■ **INFORMATION SHOWN**
------------------------------------------------------------

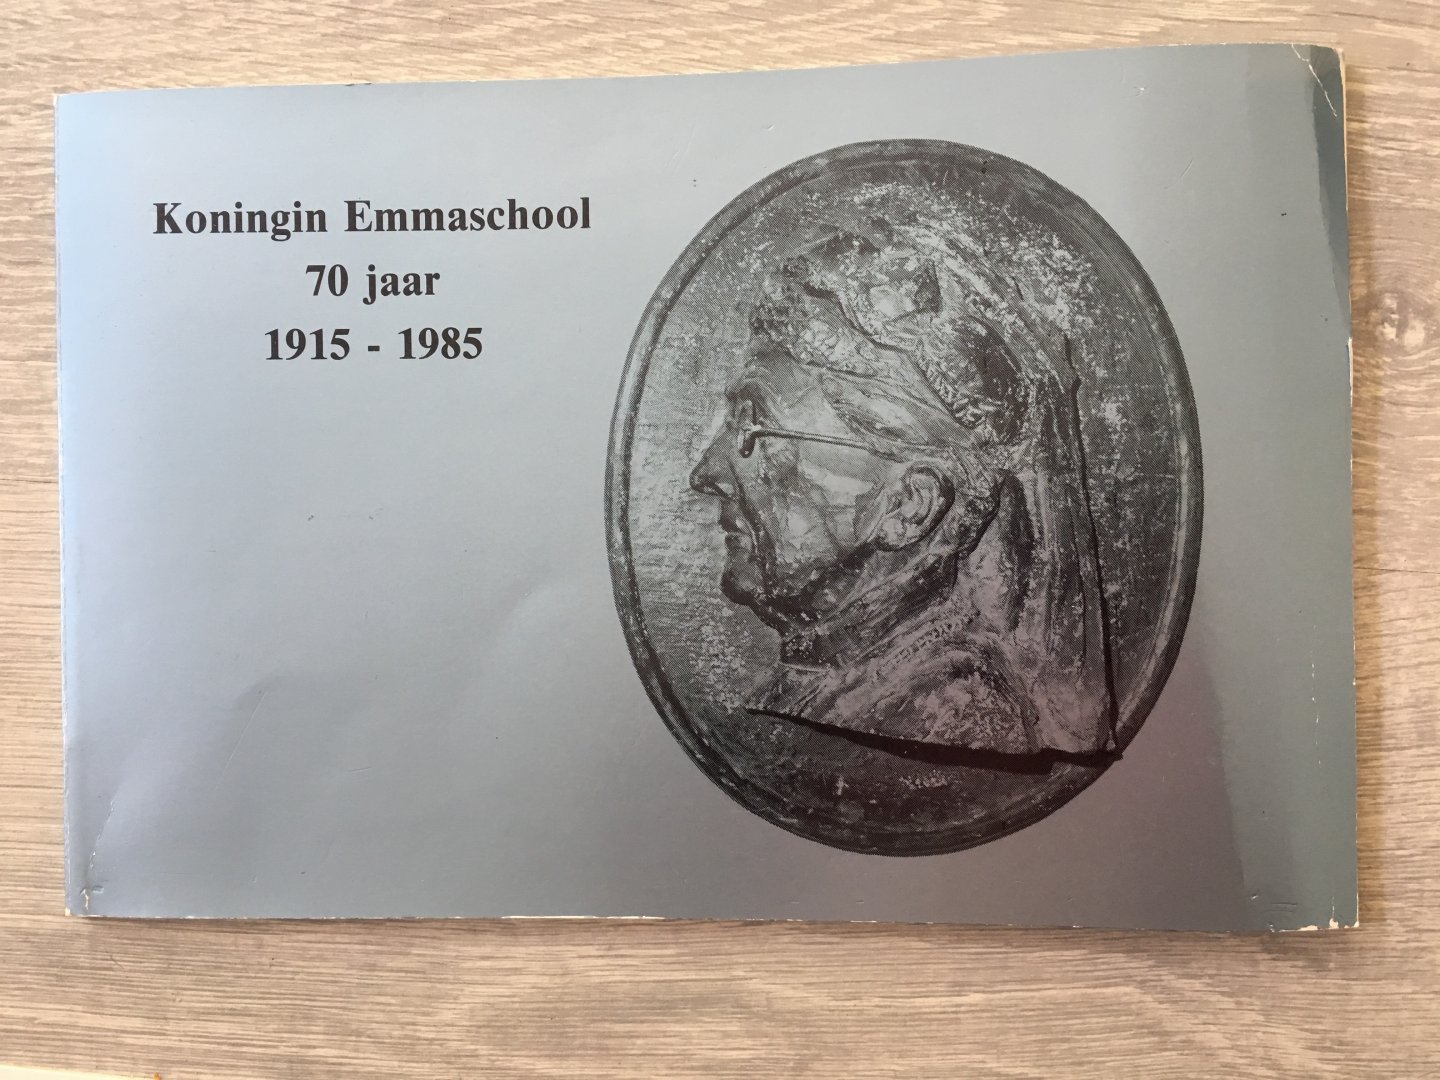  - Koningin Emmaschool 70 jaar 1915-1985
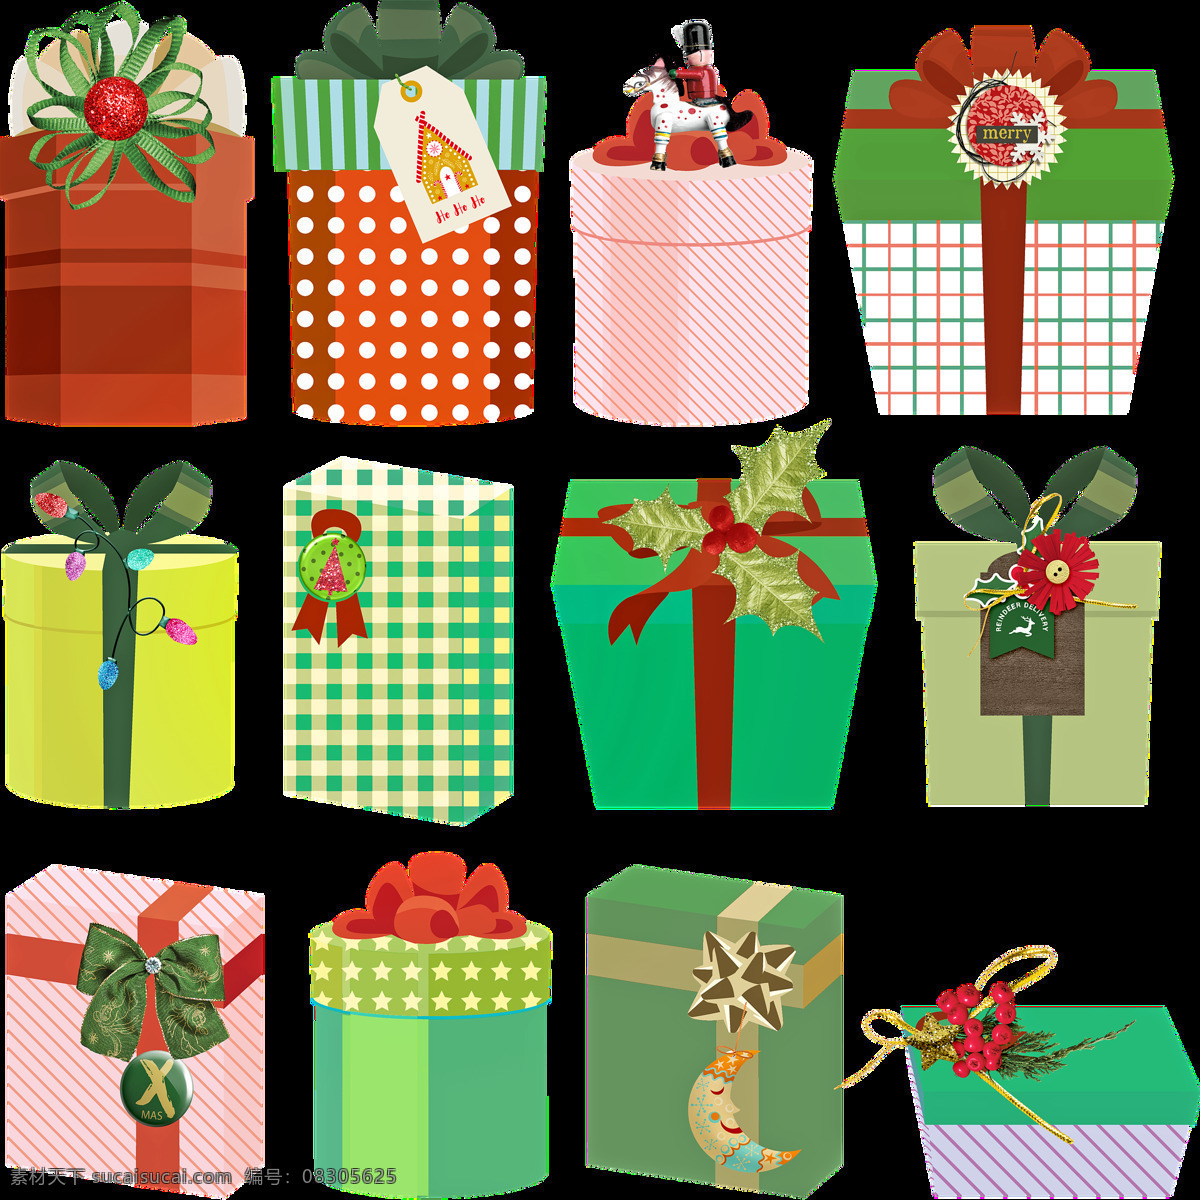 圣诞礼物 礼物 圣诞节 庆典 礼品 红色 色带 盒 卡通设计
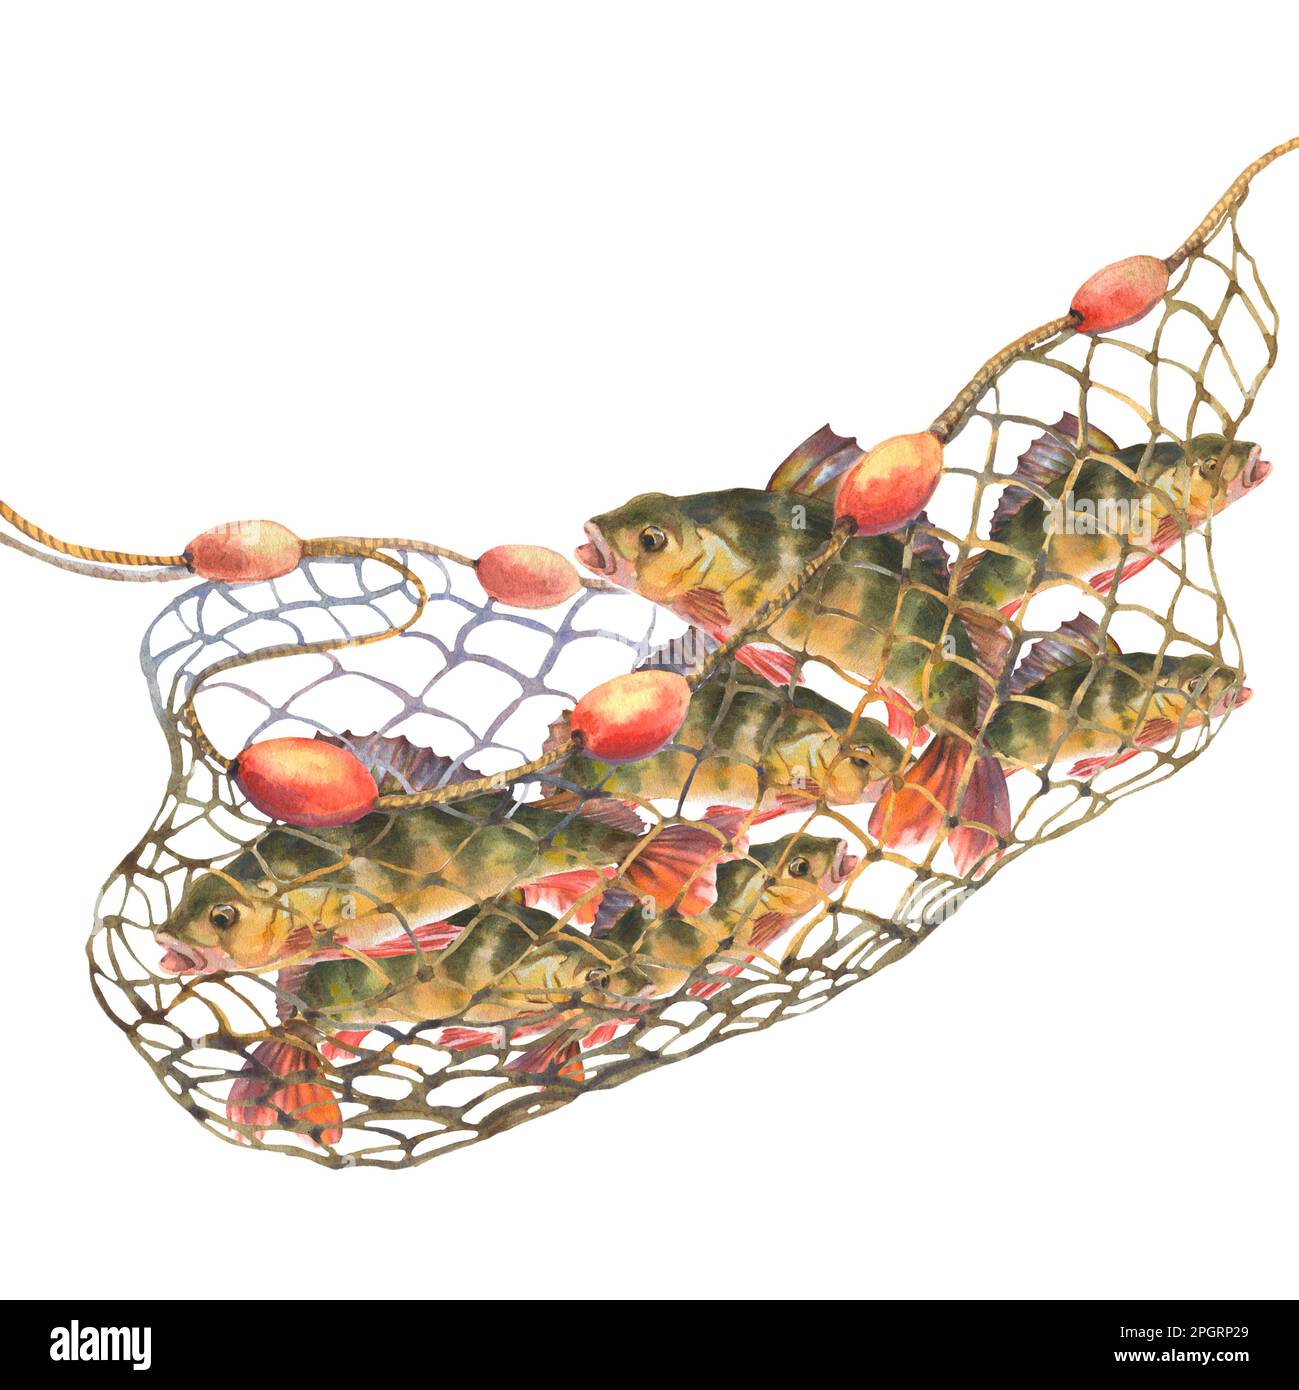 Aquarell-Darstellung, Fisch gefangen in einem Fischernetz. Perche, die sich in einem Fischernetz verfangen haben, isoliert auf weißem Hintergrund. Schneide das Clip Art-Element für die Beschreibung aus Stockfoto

------------------------------------------------------------

■ **EXERCISE INSTRUCTIONS**
Set the pictures aside and reproduce the data above exactly.

■ **YOUR SOLUTION**
  - Koningin Emmaschool 70 jaar 1915-1985
 圣诞礼物 礼物 圣诞节 庆典 礼品 红色 色带 盒 卡通设计
 Aquarell-Darstellung, Fisch gefangen in einem Fischernetz. Perche, die sich in einem Fischernetz verfangen haben, isoliert auf weißem Hintergrund. Schneide das Clip Art-Element für die Beschreibung aus Stockfoto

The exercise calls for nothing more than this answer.